VALDOSTA – As Rachel Whatley turns 104 on Jan. 9, her niece, Patricia Cawthon, remembers the woman her grandmother took her to see every summer all those years ago.
Whatley was a woman with a “funny giggle” and a welcoming attitude. She smiled just as much as she was a snappy dresser, utilizing clothes she made herself.
“I guess that’s something she kept with her from when she was a young girl,” Cawthon said. “The girls, the mothers and the grandmothers (back then) always made the clothes.”
Cawthon called Whatley an entertainer and short in stature with a big mouth to cover for it. She was one of Cawthon’s favorites growing up out of her 11 other aunts and uncles.
Even as Whatley got older and her hearing got worse, she could spout off new stories.
Cawthon remembers her last visit in 2018. She said she remembers Whatley gushing about her family – her dad, mom, visiting her hometown of Barbara County, Ala., the family home and church annually.
Her personality especially shined through when told a story about her house being broken into some years ago.
“She had her pistol and she was talking about what she was going to do to him, and I guess she scared him off,” Cawthon said. “The person ran out the door and she had called the police to make sure she was within her rights to do what she had planned to do if he had tried to hurt her. I was concerned but it was so funny how she was telling the story.”
But Cawthon’s concern waned. Where Whatley lived, no one wanted to bother her at least not in a negative sense.
To her community, Whatley was a friend and a neighbor, Cawthon said. Whatley lived in the same house on the same street in Valdosta since she was 18-years-old.
She had an accident in her home about two to three years ago and since she's lived in a nursing home. It was a heart-breaking thing to to her, Cawthon said, and it still is.
“When she first got into the nursing home, she knew she wasn’t home,” she said. “When I left to visit her, she kept saying ‘Take me home.

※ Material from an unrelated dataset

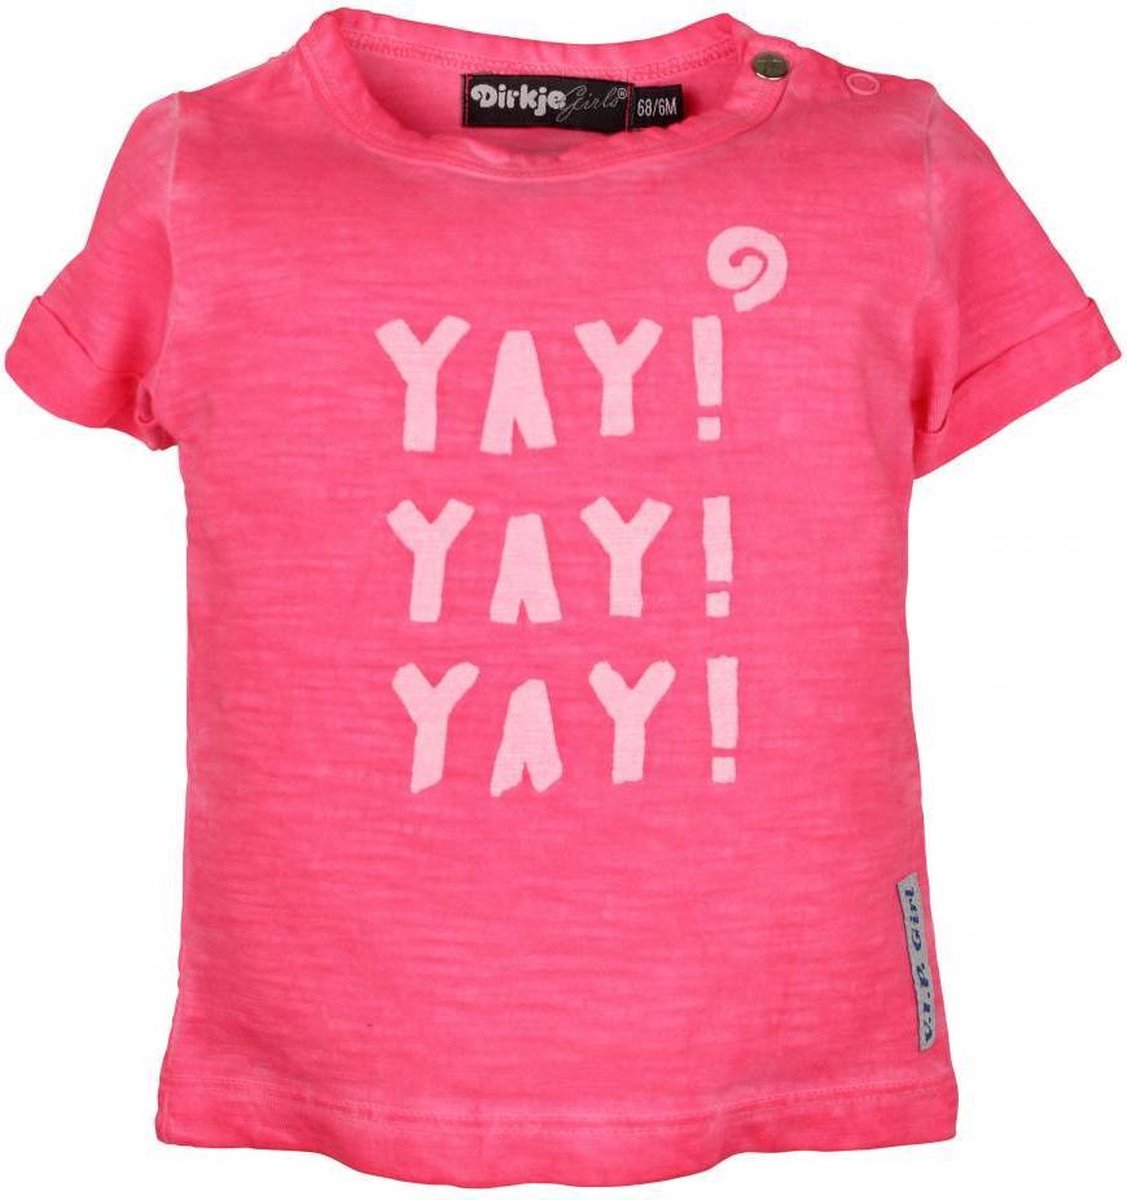 T-shirt YAY! neon rozedirkje -  Maat  116 - Dirkje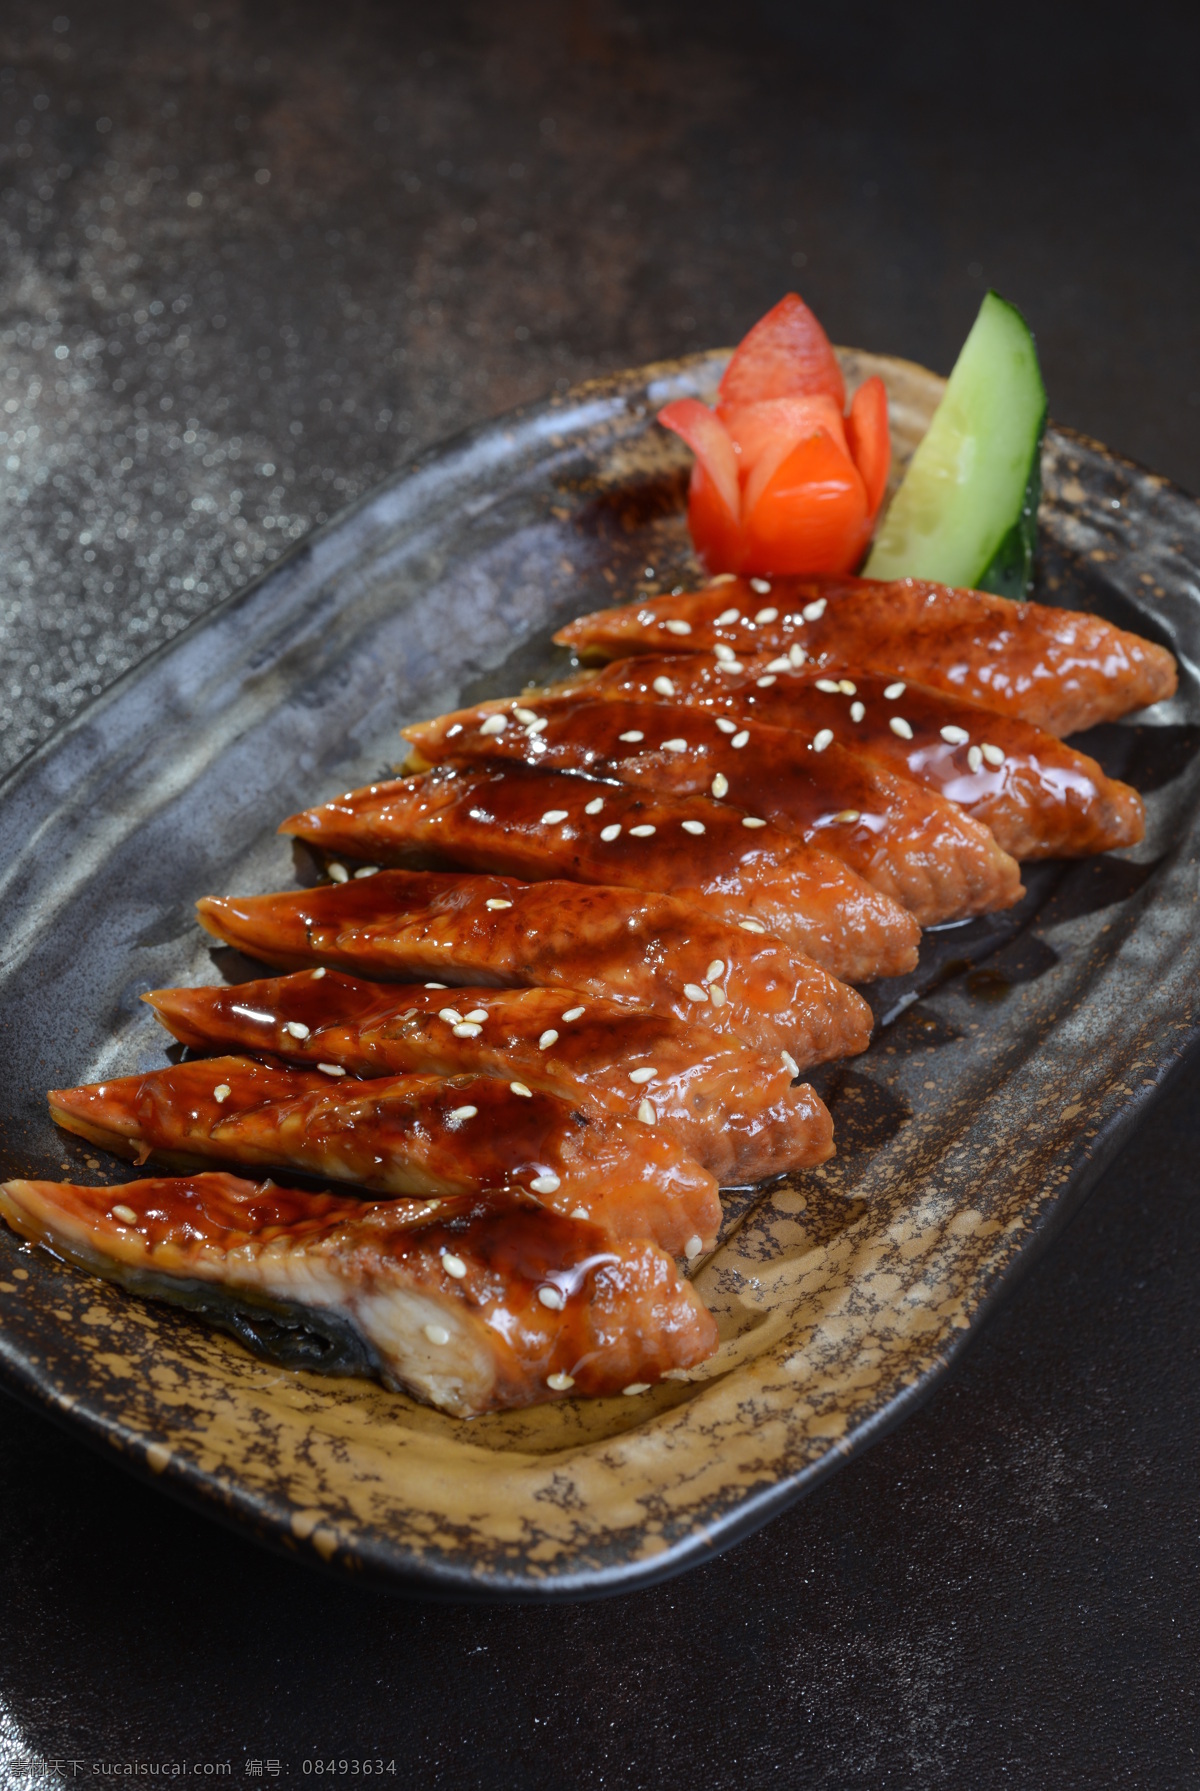 蒲烧鳗鱼 烤物 鳗鱼 日式美食 日式料理 餐饮美食 传统美食

I’m ready to go home.’ My heart was melting.”
Cawthon hasn’t seen her aunt in two years and is unsure if she’s still saying the same thing now – she hopes not. But she recognizes the reason why.
“She’s been in that same house since she was 18 and to be taken from that – that was all she knew after retirement and after being in that house for so long by herself – I can imagine the separation (anxiety) that she’s having from not being there,” Cawthon said.
Whatley is the last of her own brothers and sisters – Cawthon’s 11 aunts and uncles – and the last of her nieces and nephews with the exception of one, Cawthon said. She’s even lost a child – her only child – and her husband.
“From getting her there and being there this long, she’s healthy with no major health issues,” she said. “That’s amazing. That is absolutely amazing.”
And she had something similar to say for her aunt’s 104th birthday.
For the wealth of knowledge and wisdom her aunt has, Cawthon is forever grateful that she’s still here.
She remembers a conversation she had with Whatley and her last living nephew, asking them about their childhood and what it used to be like.
“She talked to me about the different types of games they used to play as children. I asked them about dating, what it was like to date – just little things to get an idea of what it used to be like when they were young,” she said. “It was exciting to hear stuff like that.”
Because it was segregated back when Whatley was young, she’d tell Cawthon about it and explain how things are different today. It was a blessing.
COVID-19 messed up Cawthon’s plans to visit her last year but is hoping she’ll be able to visit Whatley soon. She misses her and more than anything hopes to see her smile again.